• [Aim of the task]: Recreate the listing that follows line for line, without pictures.

• [Data shown]:
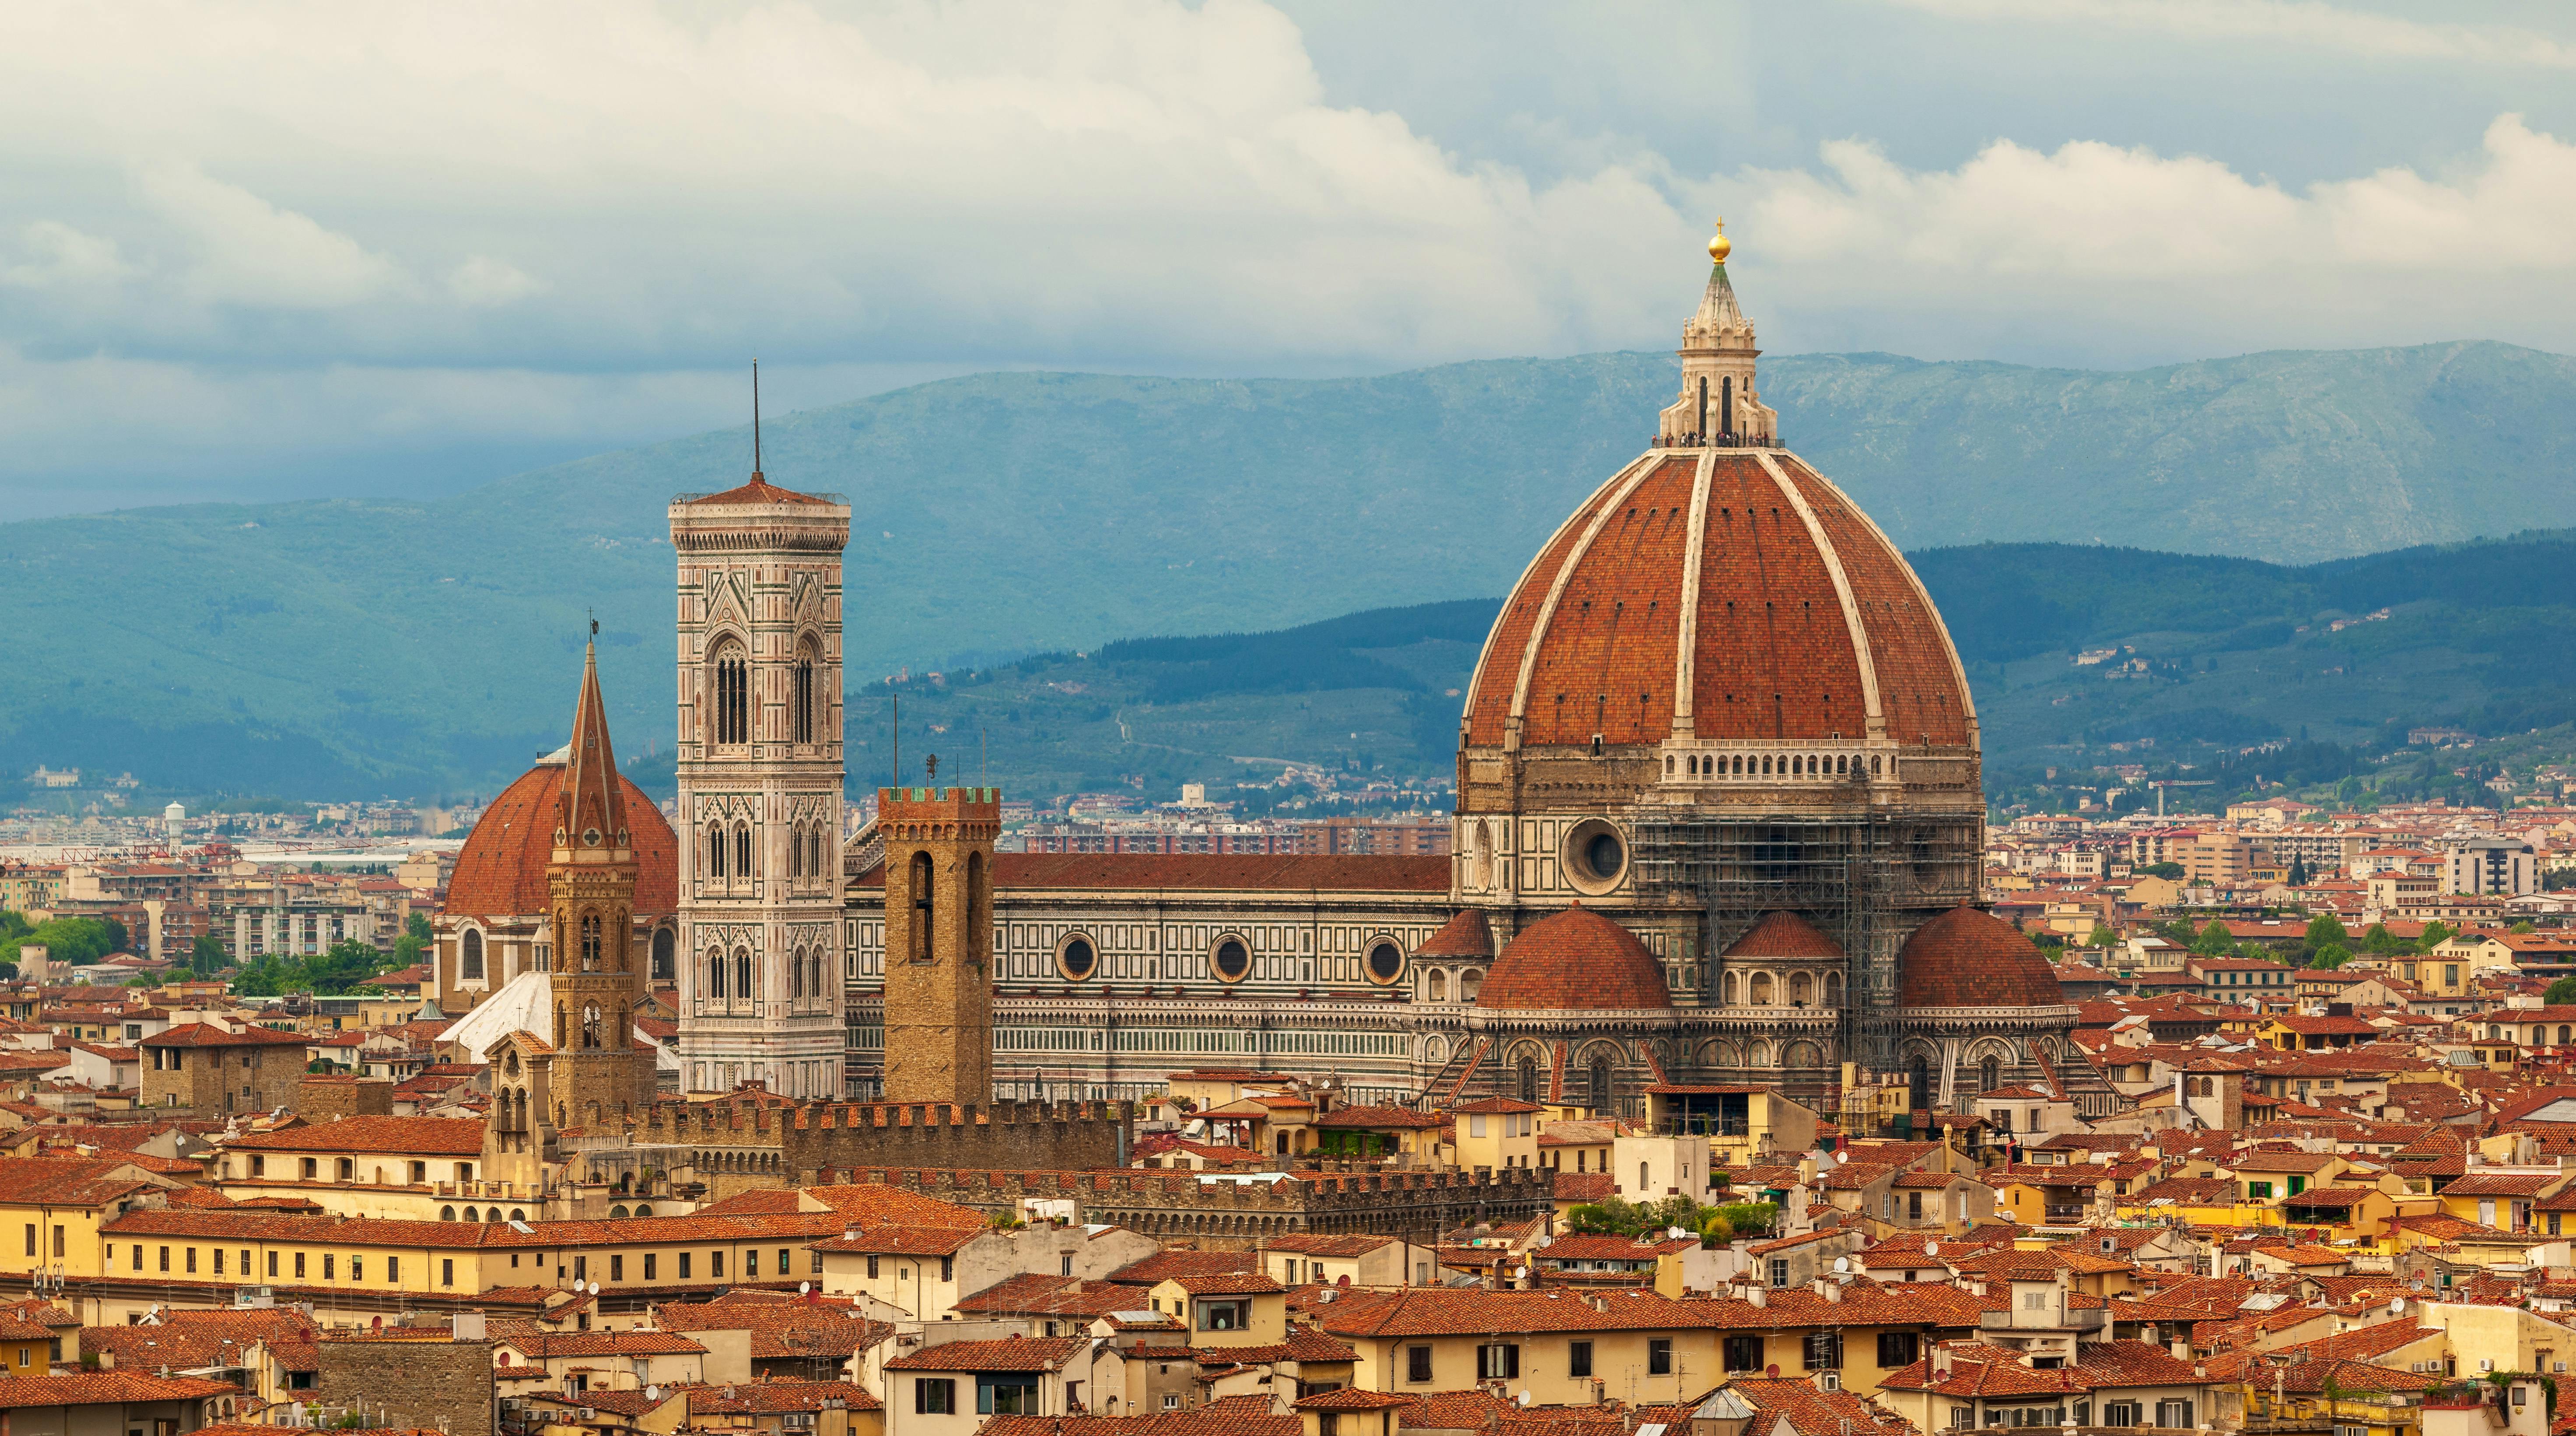 Visite de la ville de Florence depuis Venise en train à grande vitesse
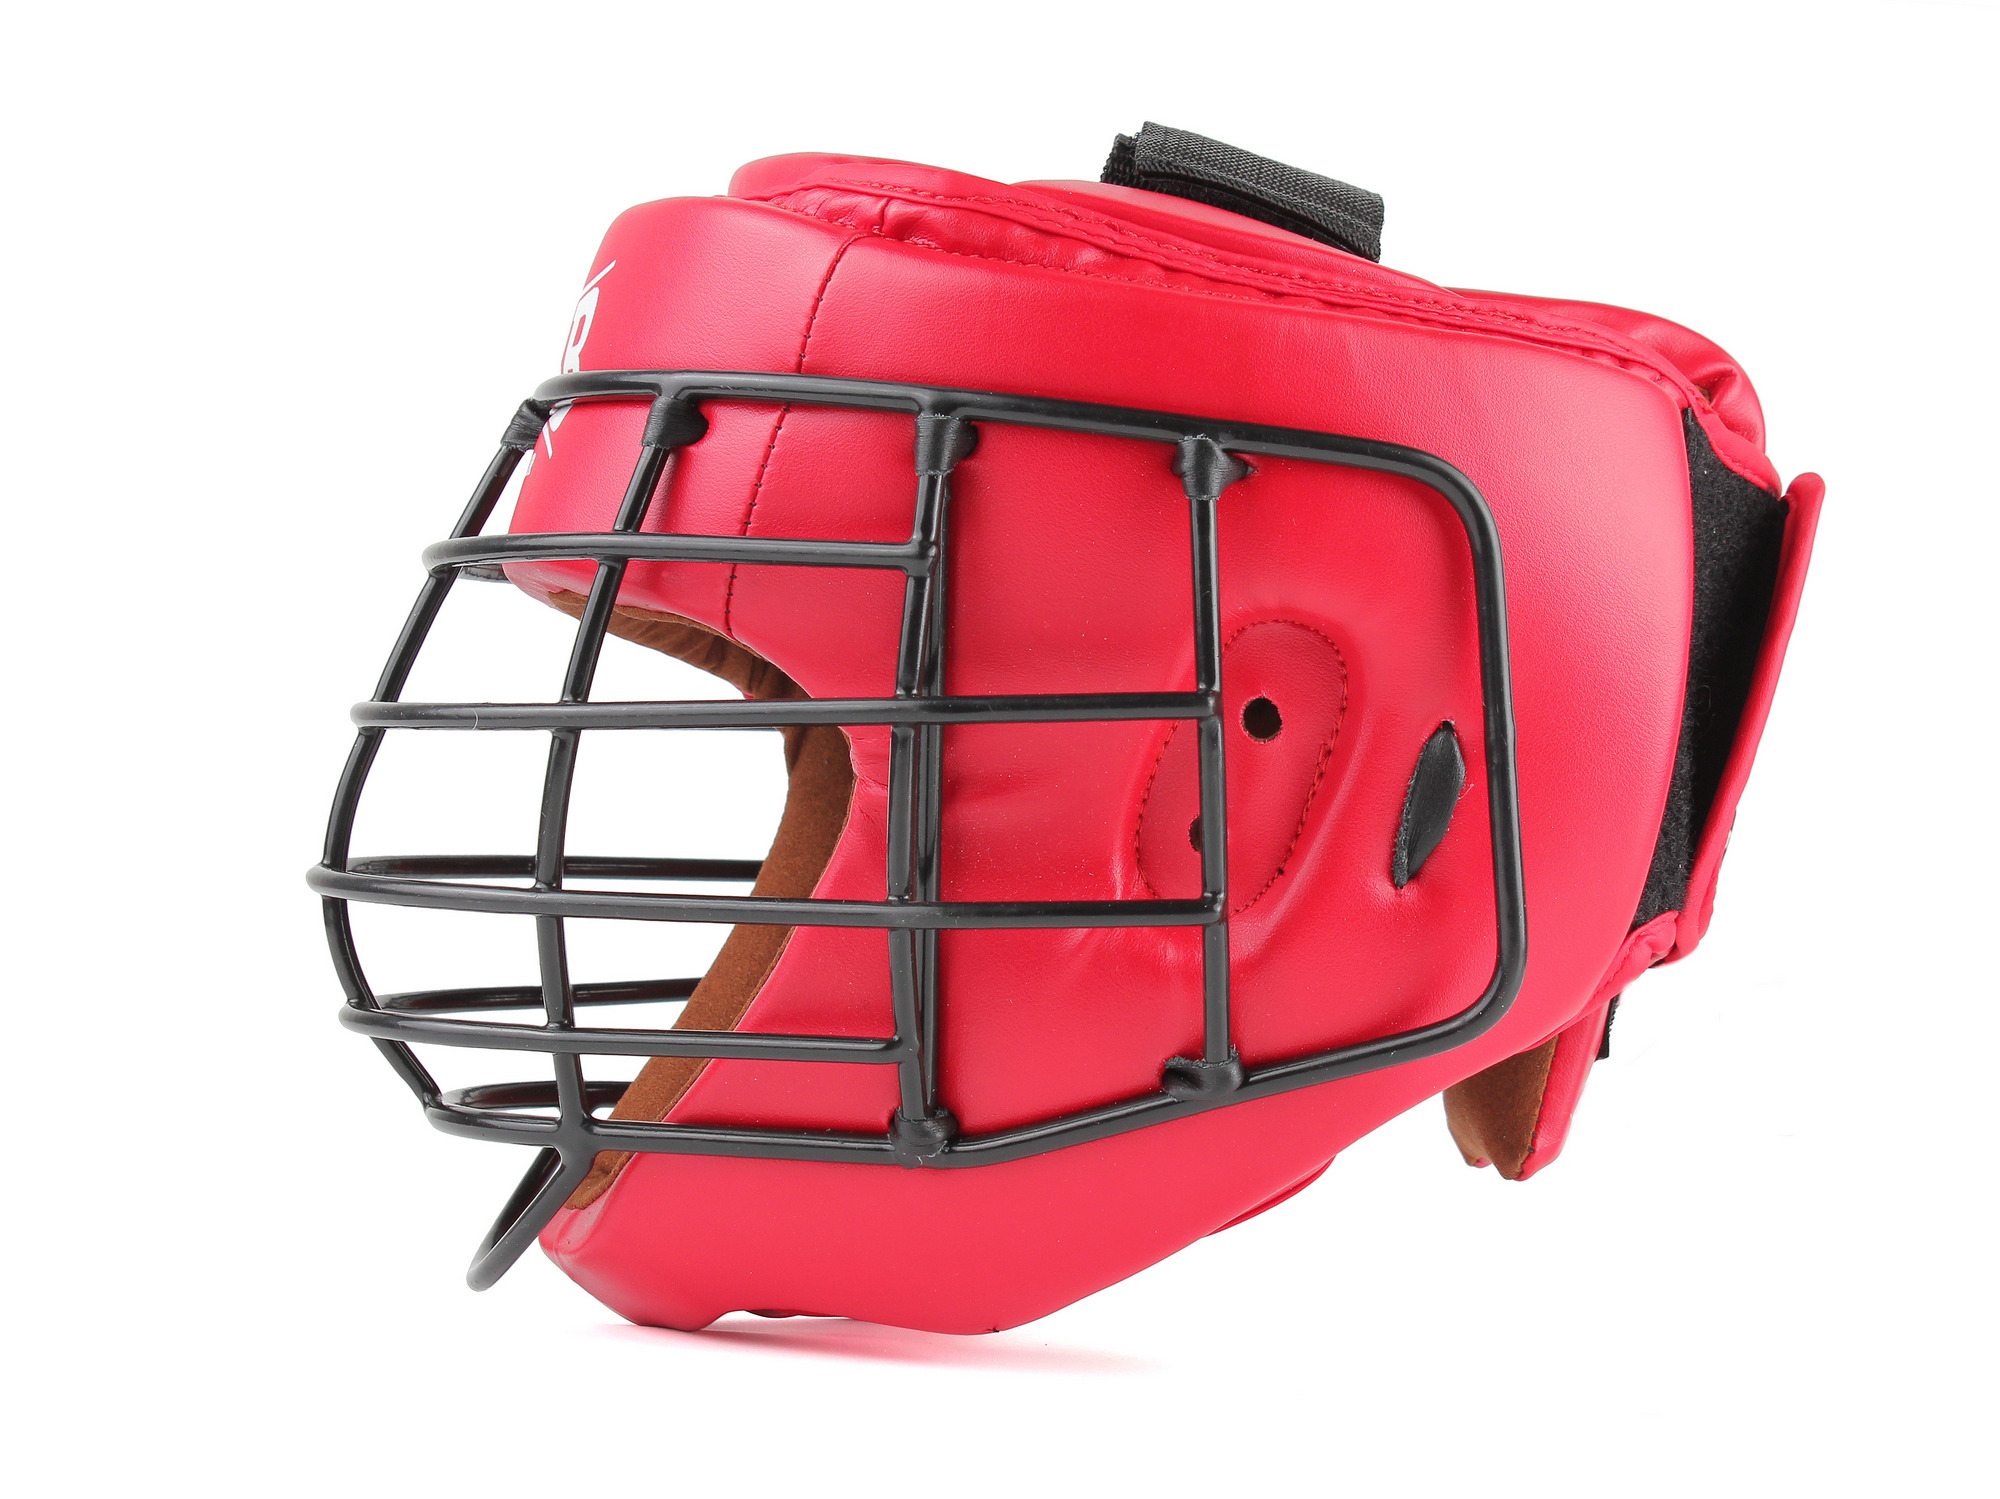 Шлем для рукопашного боя с защитной маской .(иск.кожа) Jabb JE-6012, красный 2000_1499
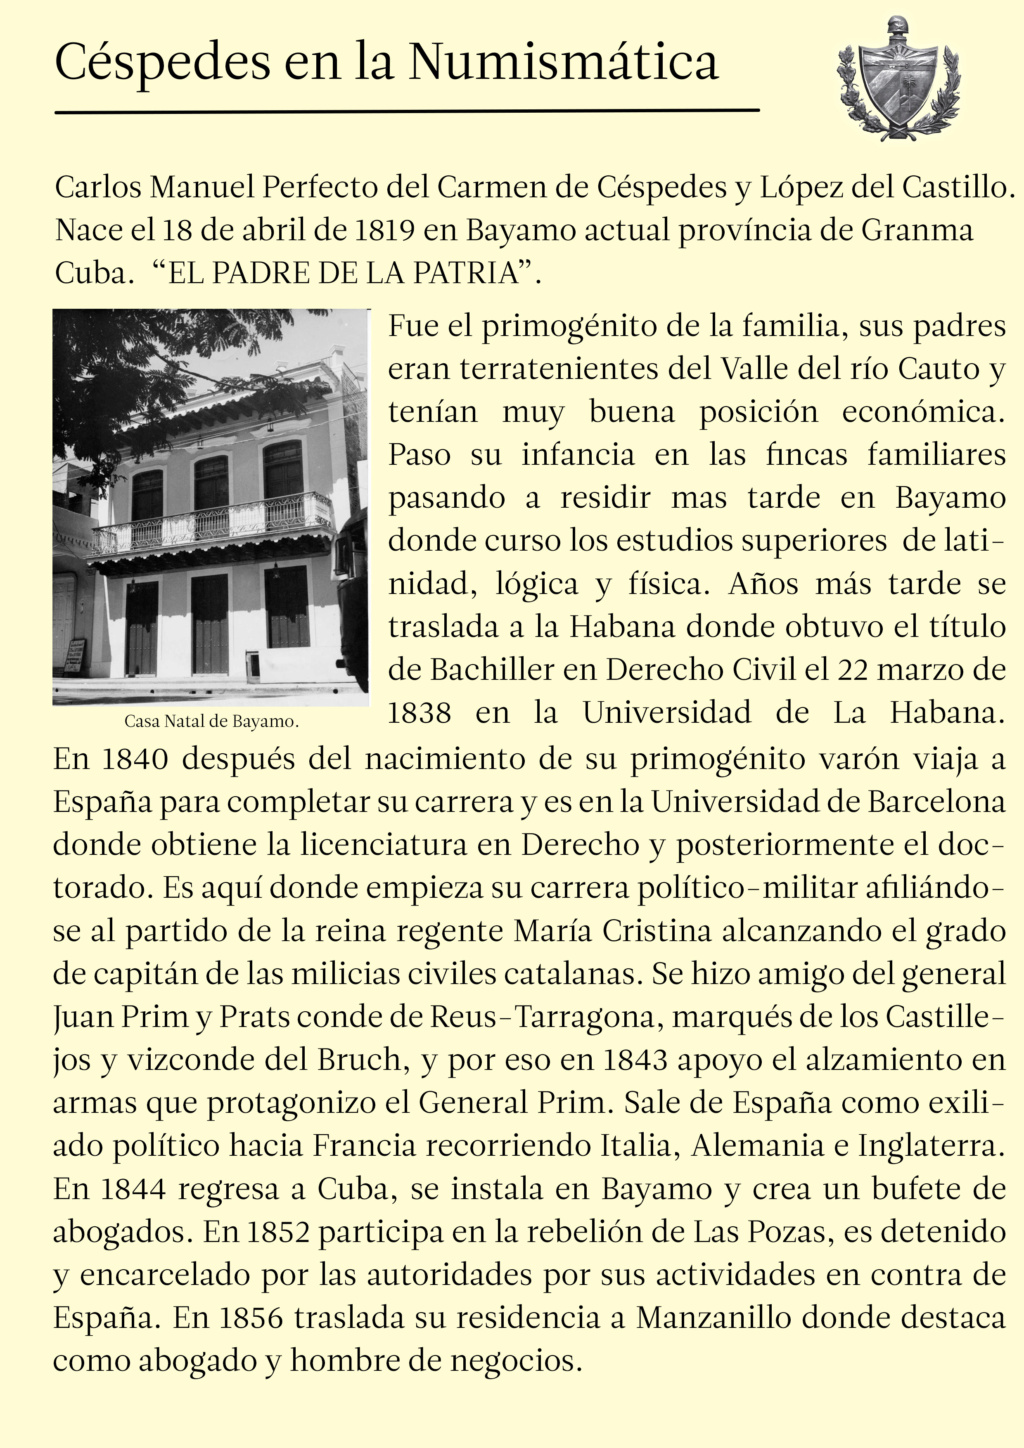 Carlos Manuel de Cespedes en la Numismatica de Cuba 211

• [Solution to this exercise]:
 Visite de la ville de Florence depuis Venise en train à grande vitesse
 Шлем для рукопашного боя с защитной маской .(иск.кожа) Jabb JE-6012, красный 2000_1499
 Carlos Manuel de Cespedes en la Numismatica de Cuba 211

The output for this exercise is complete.